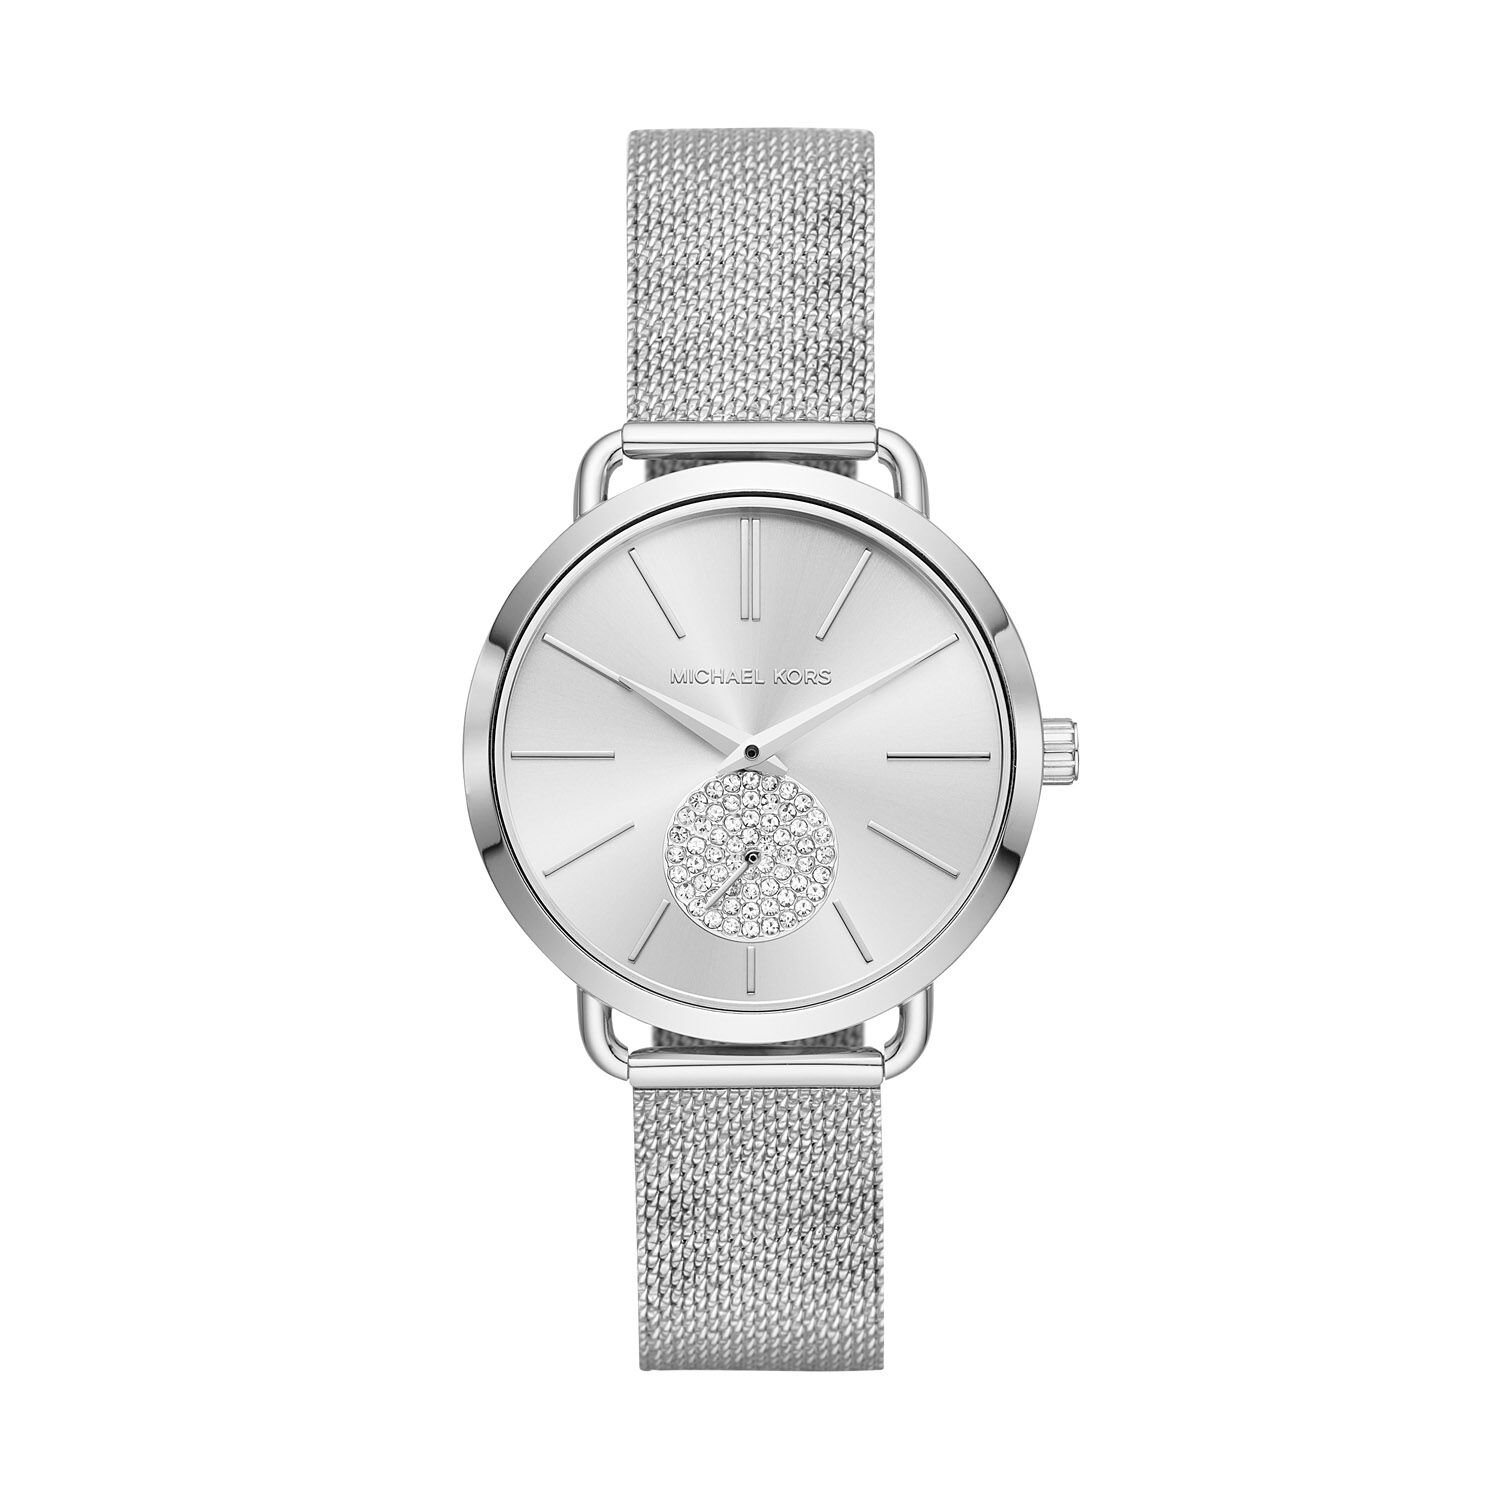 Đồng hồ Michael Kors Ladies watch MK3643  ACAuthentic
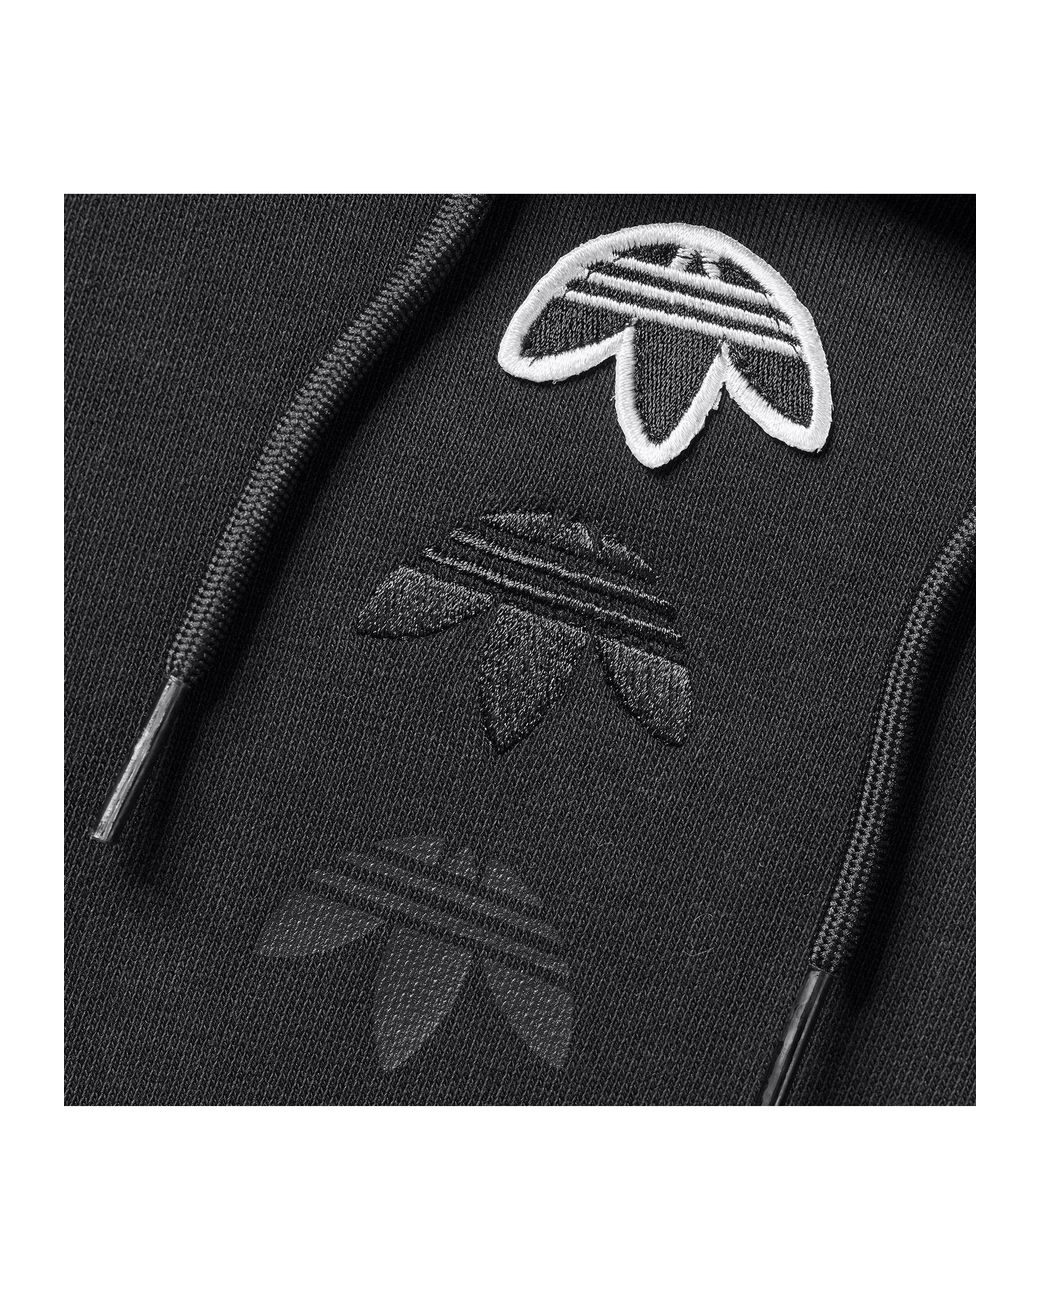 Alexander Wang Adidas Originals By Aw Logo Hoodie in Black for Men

# # # #

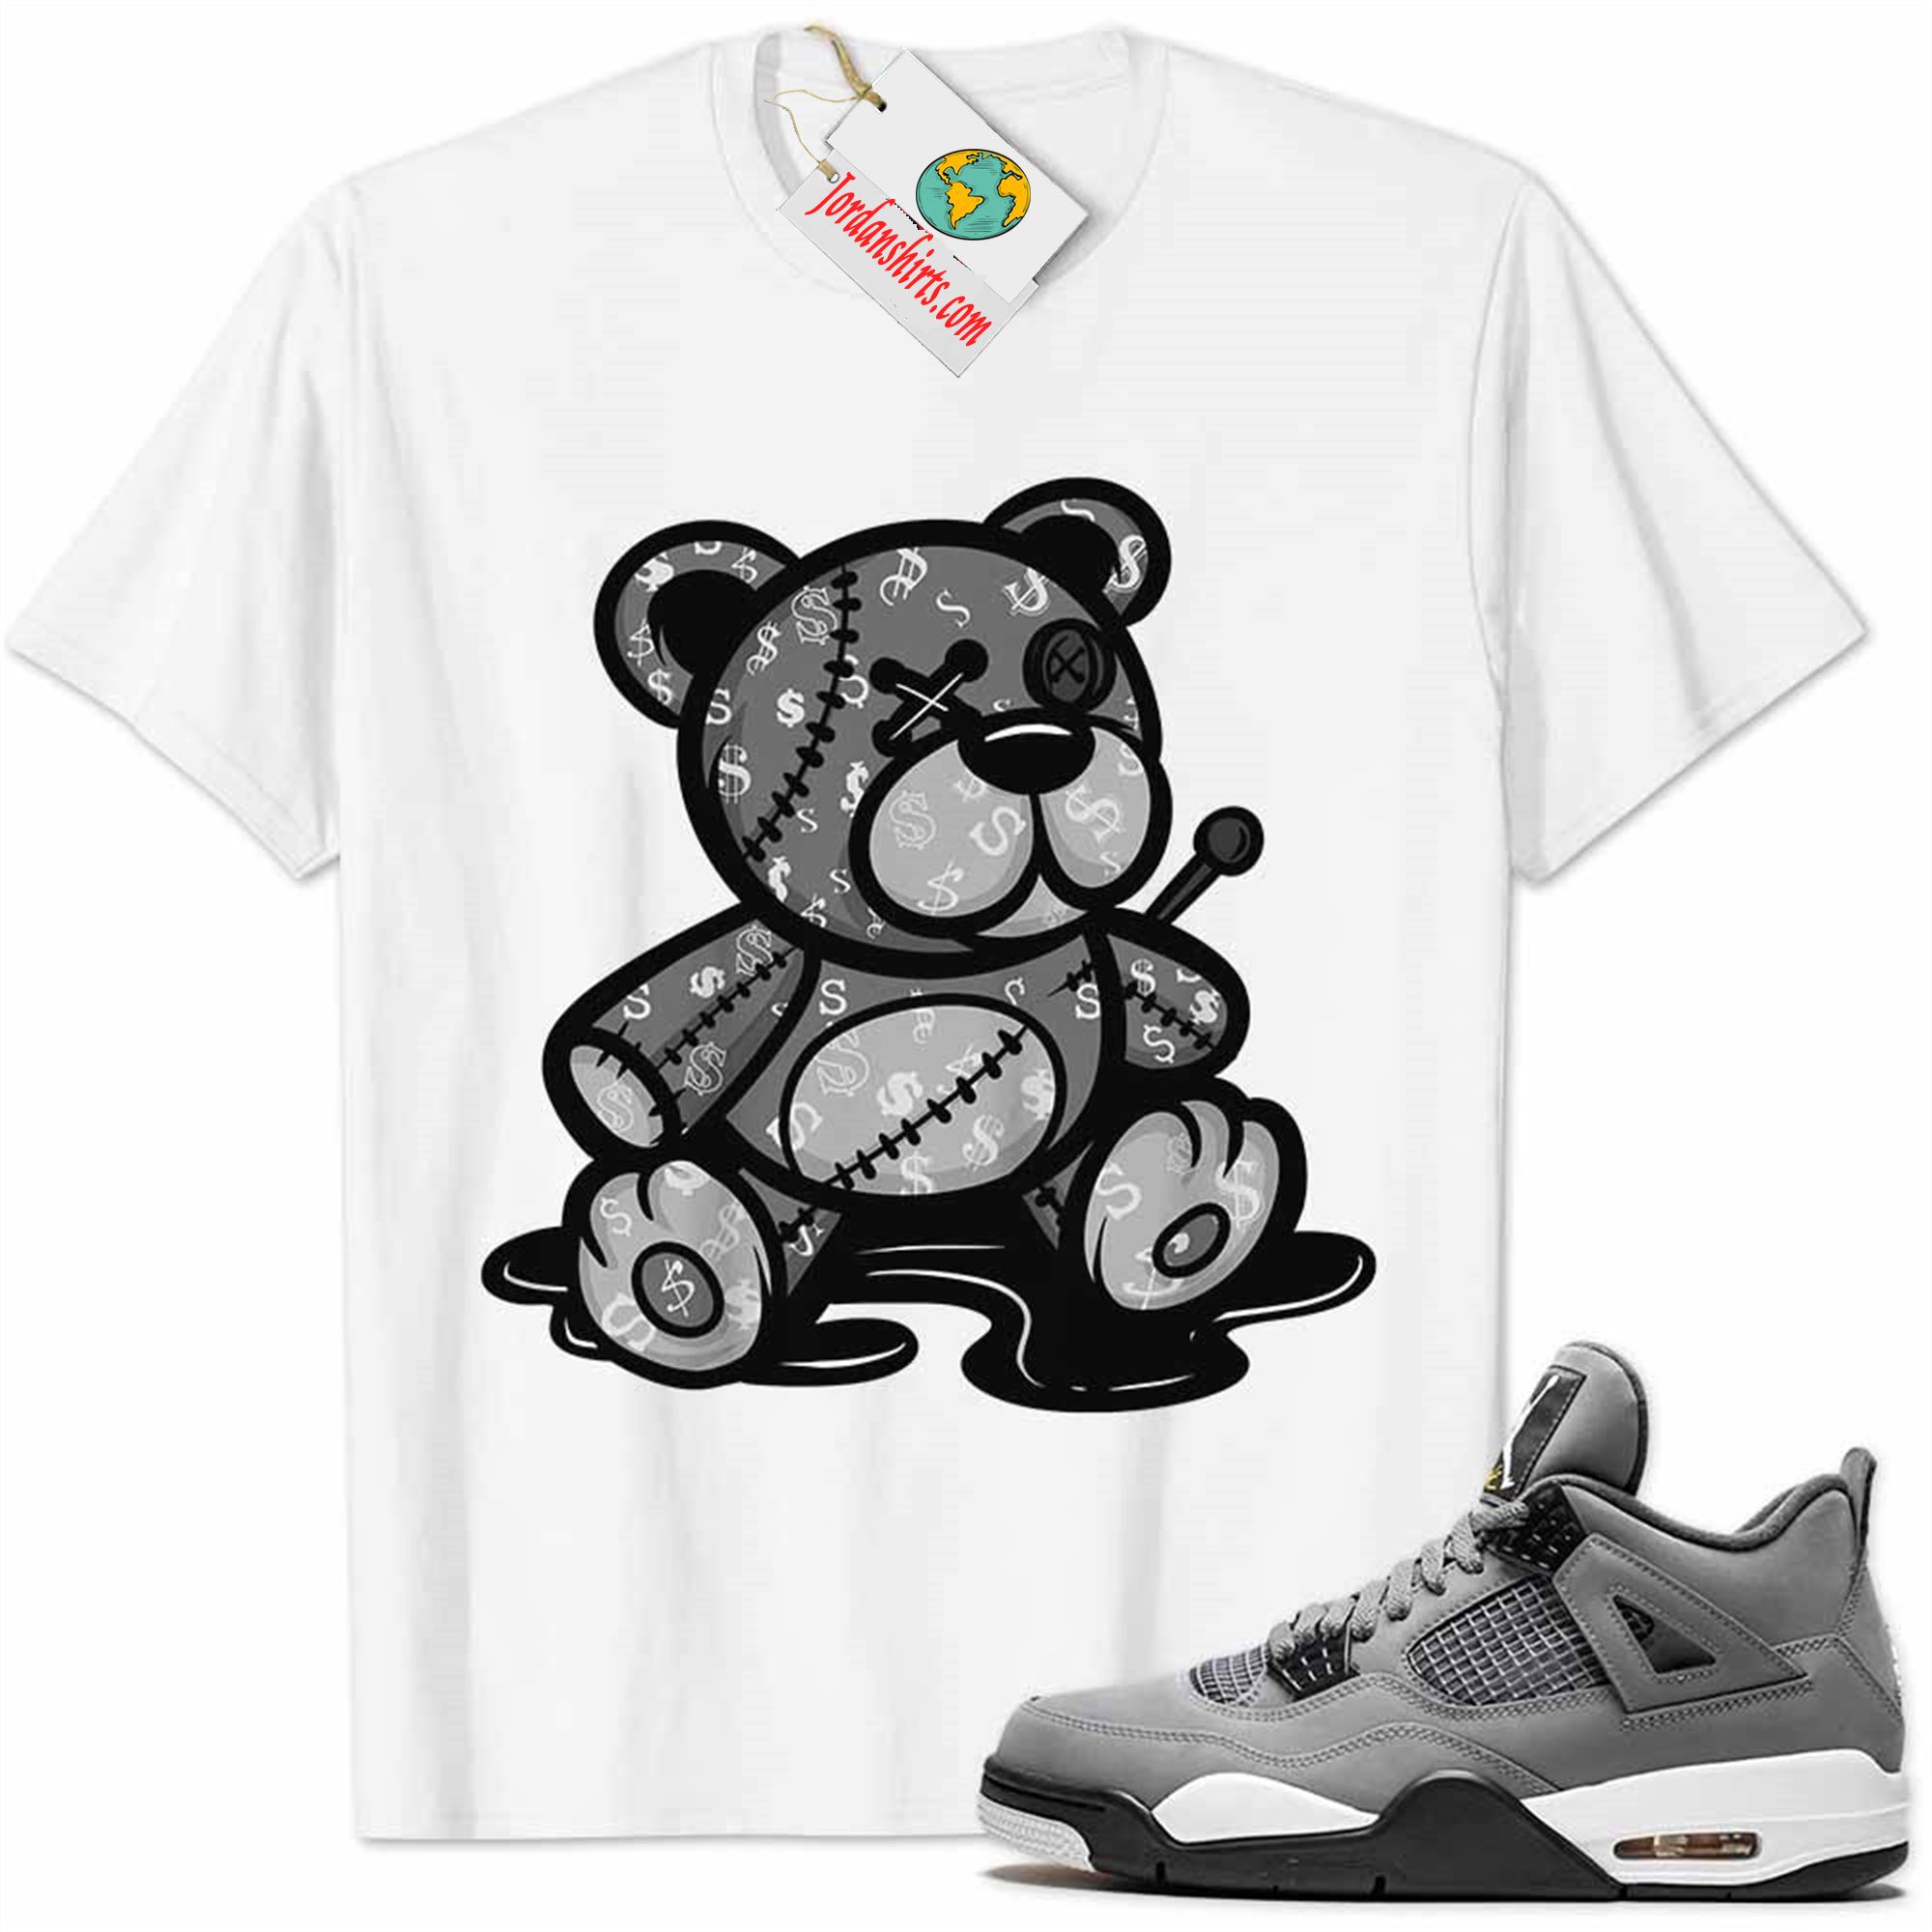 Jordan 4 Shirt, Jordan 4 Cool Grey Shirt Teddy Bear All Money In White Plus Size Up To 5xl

# # # #

### Task goal
Above is the material; set down exactly its lines from the one containing "Đồng hồ Michael" down to the one containing "Alexander Wang Adidas", both included, leaving out any pictures.

### Output for this task
 Đồng hồ Michael Kors Ladies watch MK3643  ACAuthentic
 Alexander Wang Adidas Originals By Aw Logo Hoodie in Black for Men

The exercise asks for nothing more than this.